The line containing "CyberPower PDU30MT17AT 30A" and every line after it, through the end of the material: copy these exactly and nothing else, leaving pictures out.

● **Information supplied**:
+ + + + + + +
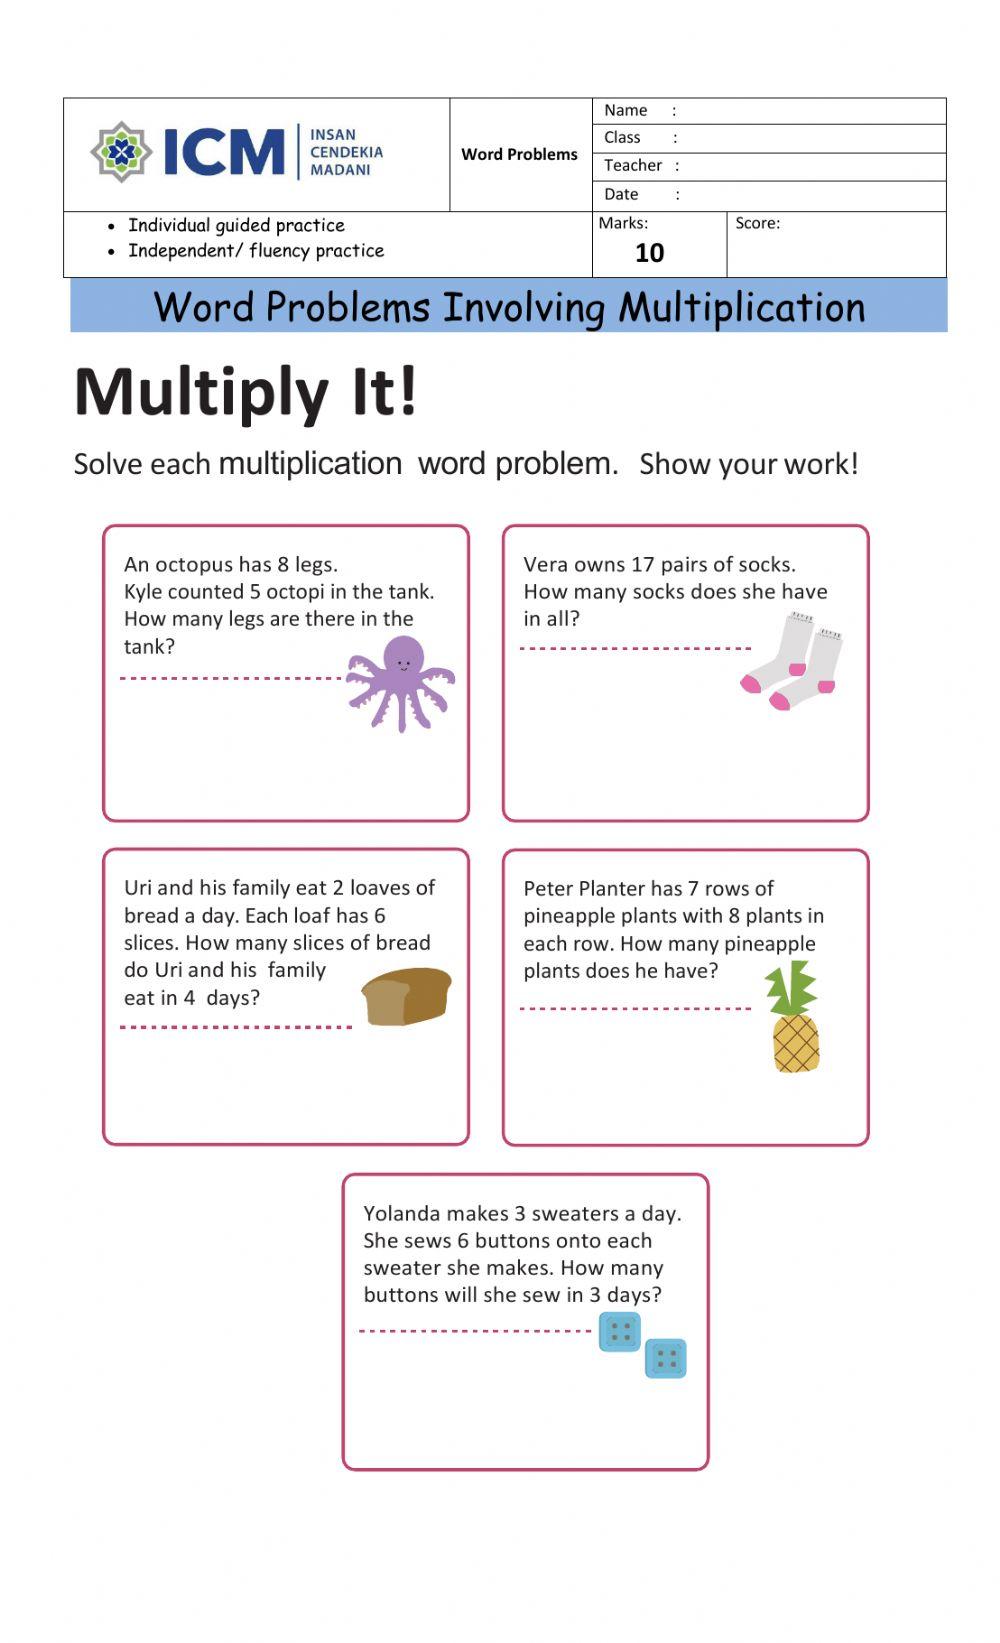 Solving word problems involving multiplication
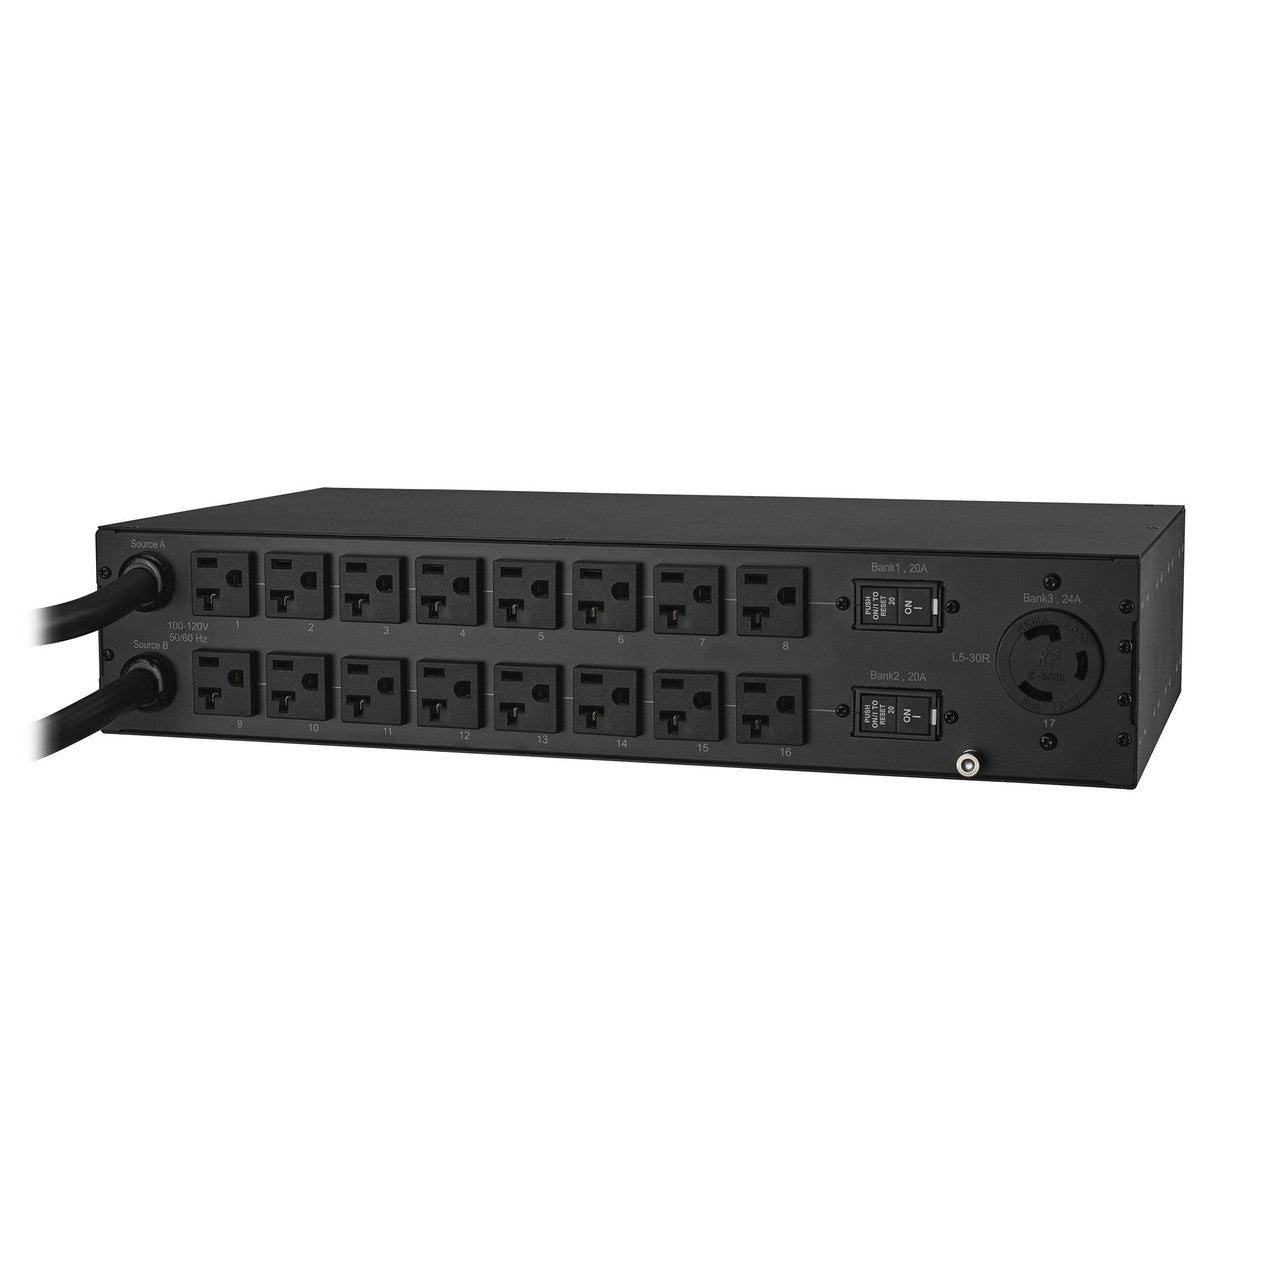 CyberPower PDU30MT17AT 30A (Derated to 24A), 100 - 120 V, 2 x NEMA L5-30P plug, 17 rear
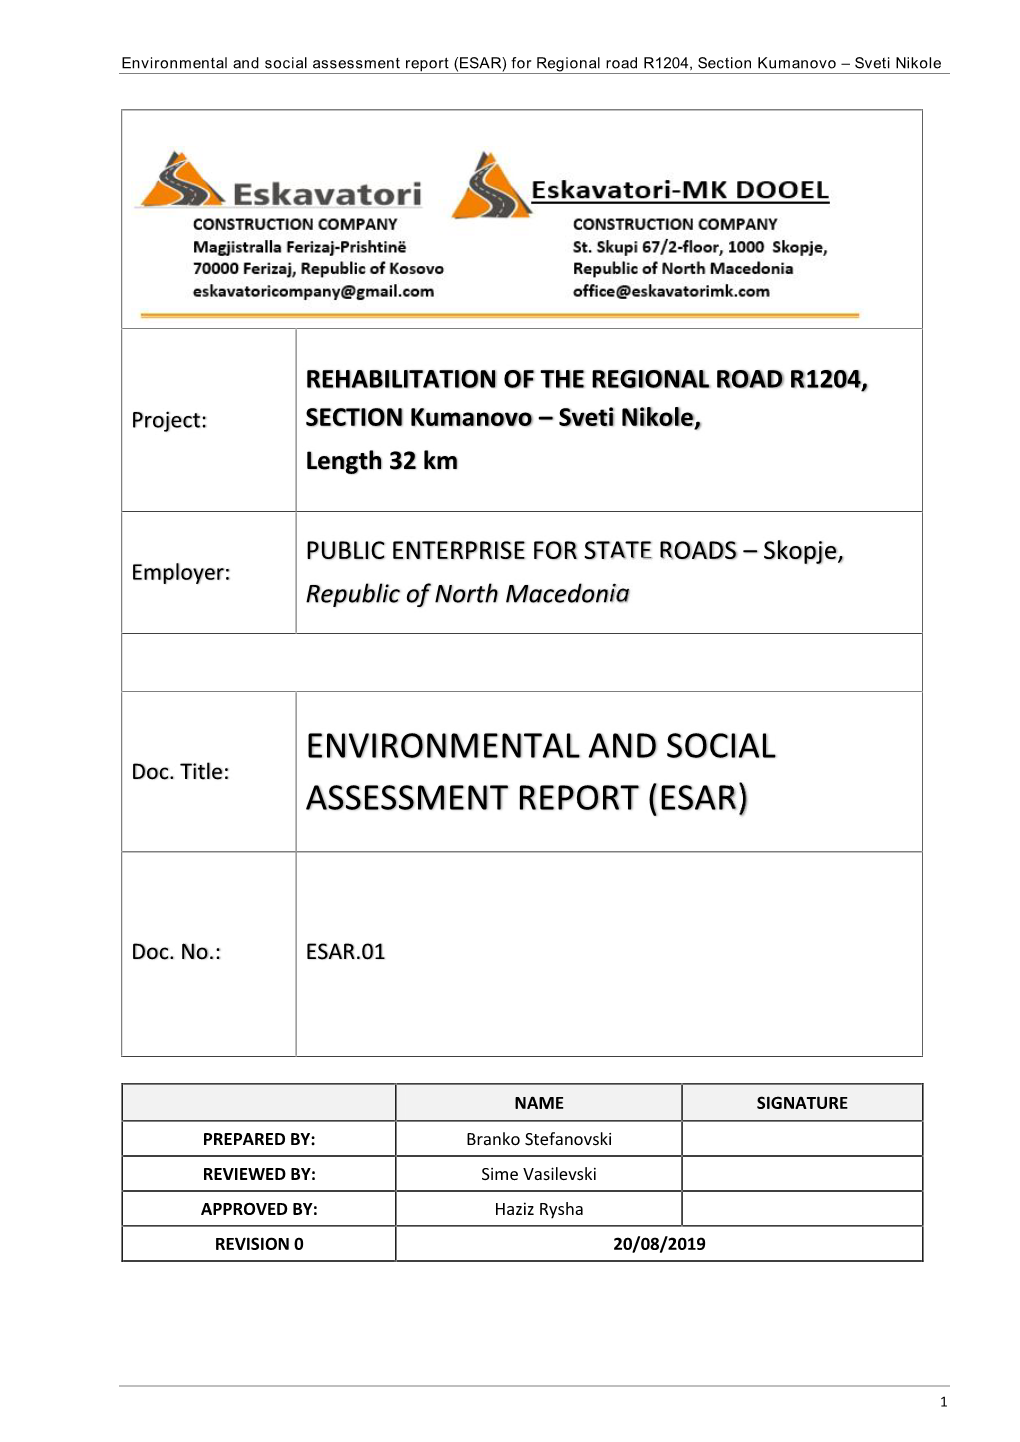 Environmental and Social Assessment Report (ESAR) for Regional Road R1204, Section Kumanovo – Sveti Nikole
+ + + + + + +
● **Your solution**:
 CyberPower PDU30MT17AT 30A (Derated to 24A), 100 - 120 V, 2 x NEMA L5-30P plug, 17 rear
 Environmental and Social Assessment Report (ESAR) for Regional Road R1204, Section Kumanovo – Sveti Nikole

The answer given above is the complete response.